→ **EXERCISE**:
The whole listing below needs to be duplicated exactly, pictures aside.

→ **INFORMATION SHOWN**:
════

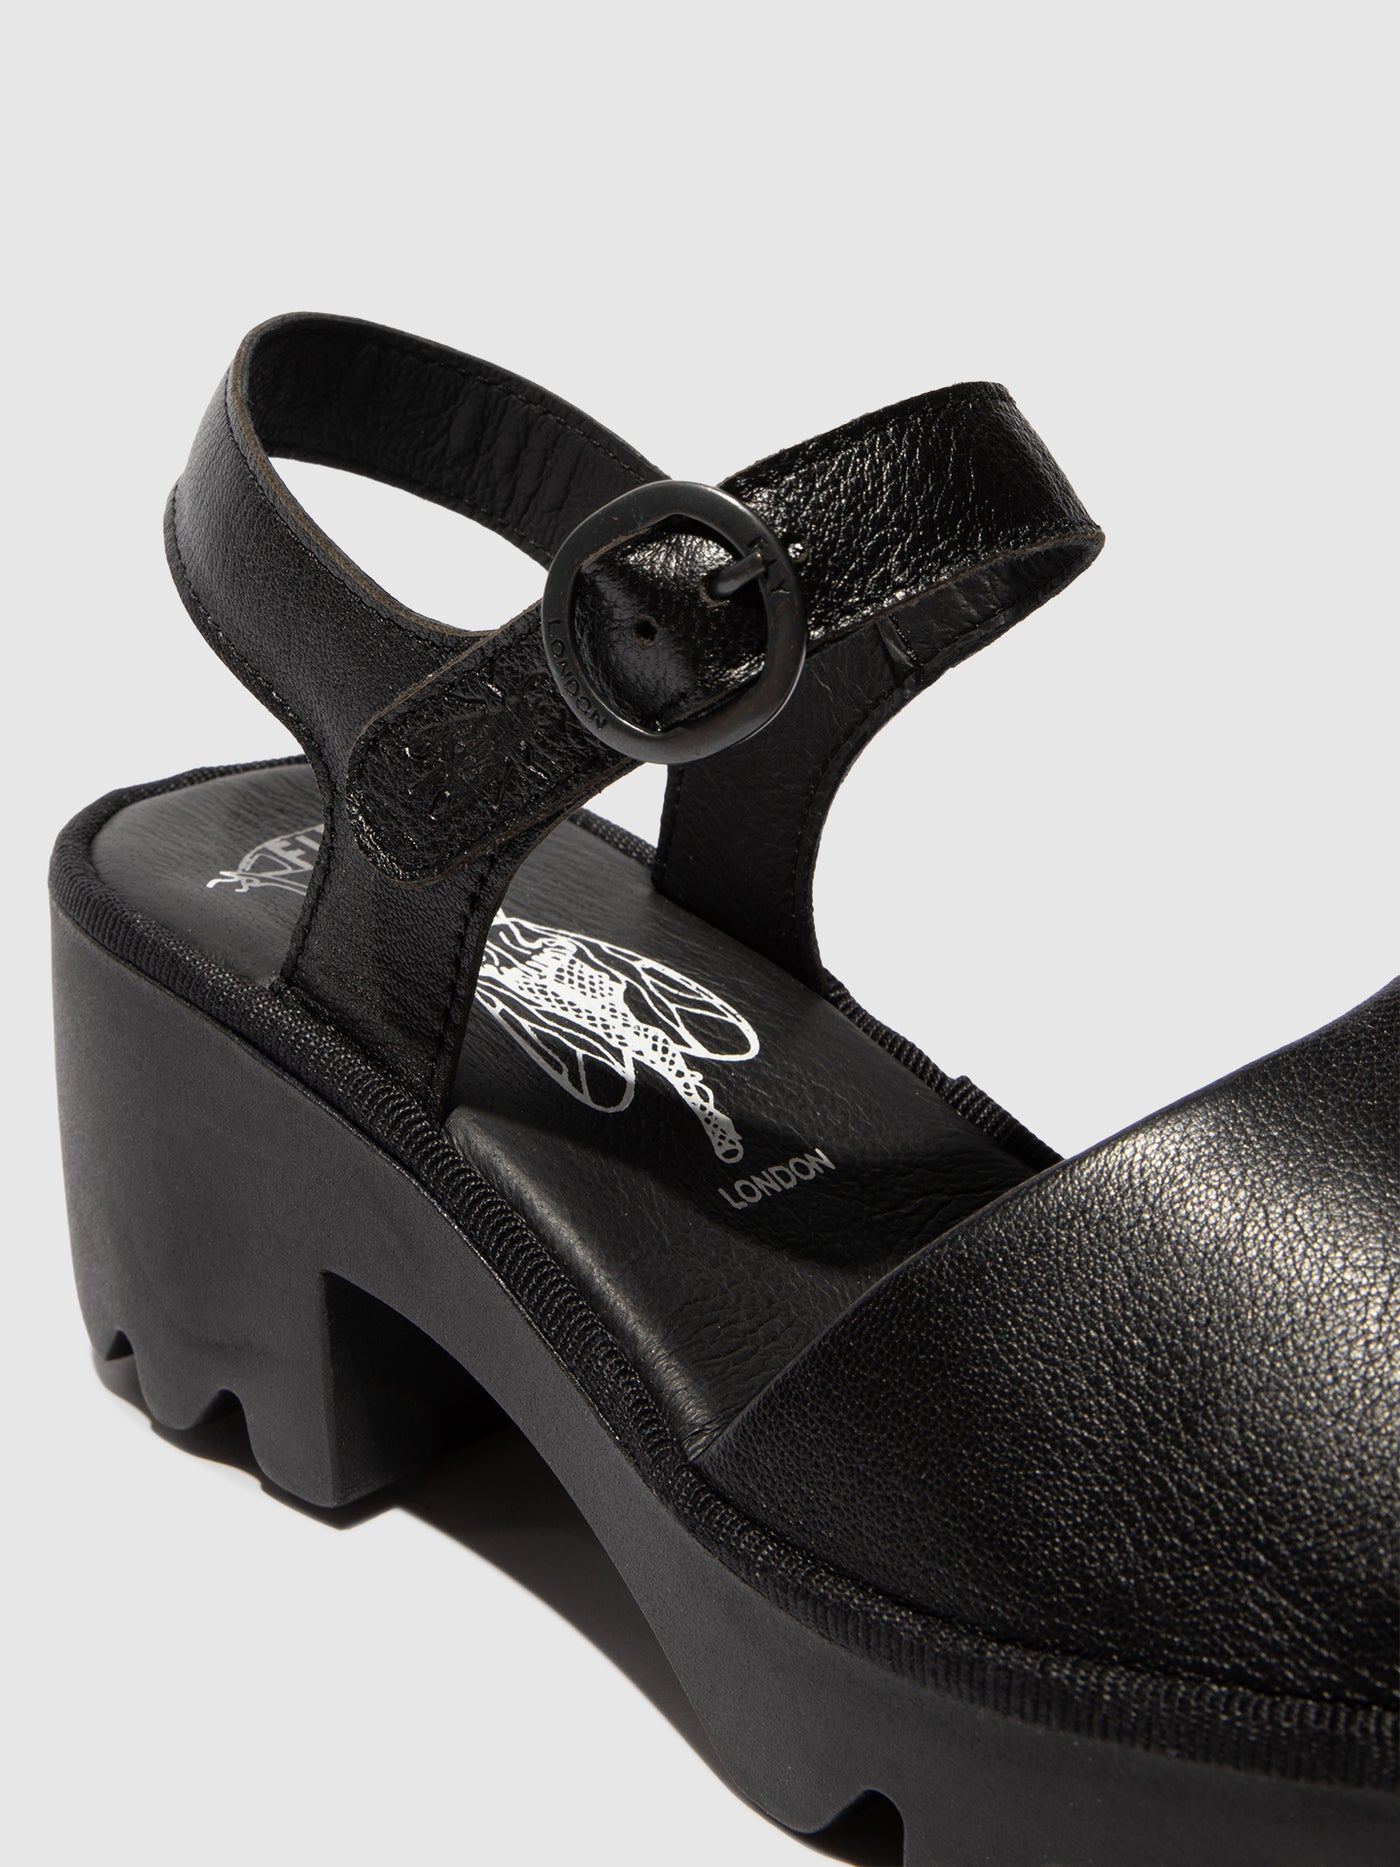 Sling-Back Sandals TULL503FLY BLACK/BLACK
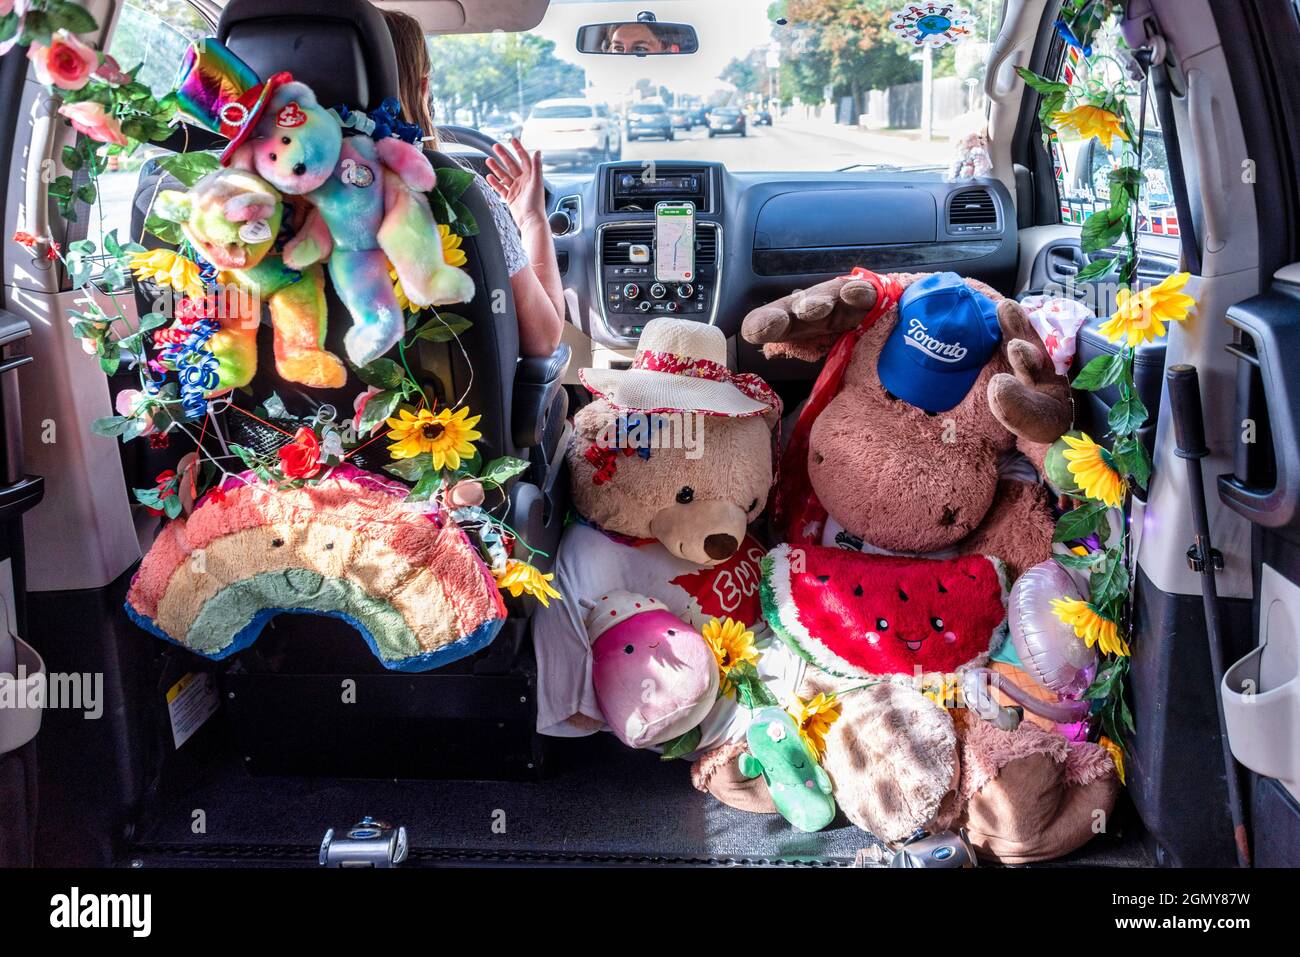 Una conductora Uber con su furgoneta accesible decorada con juguetes de peluche. Afirma haber recibido comentarios positivos de sus clientes. Foto de stock
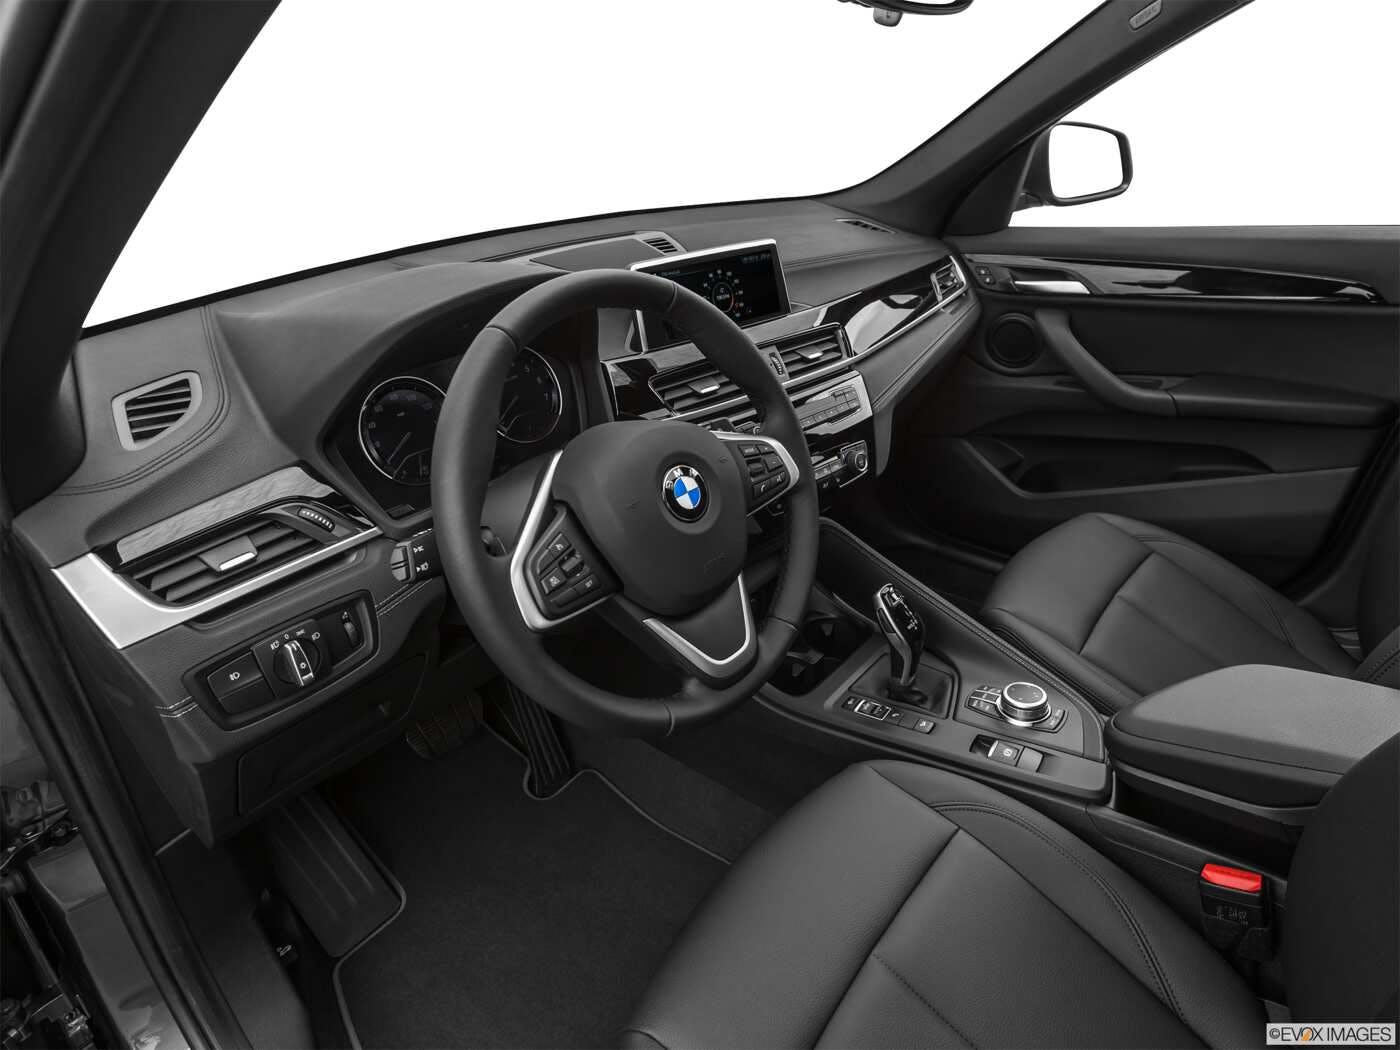 2021 BMW X1 Review | Pricing, Trims & Photos - TrueCar

════

→ **OUTPUT OF THE TASK**:
 Sling-Back Sandals TULL503FLY BLACK/BLACK
 Una conductora Uber con su furgoneta accesible decorada con juguetes de peluche. Afirma haber recibido comentarios positivos de sus clientes. Foto de stock
 2021 BMW X1 Review | Pricing, Trims & Photos - TrueCar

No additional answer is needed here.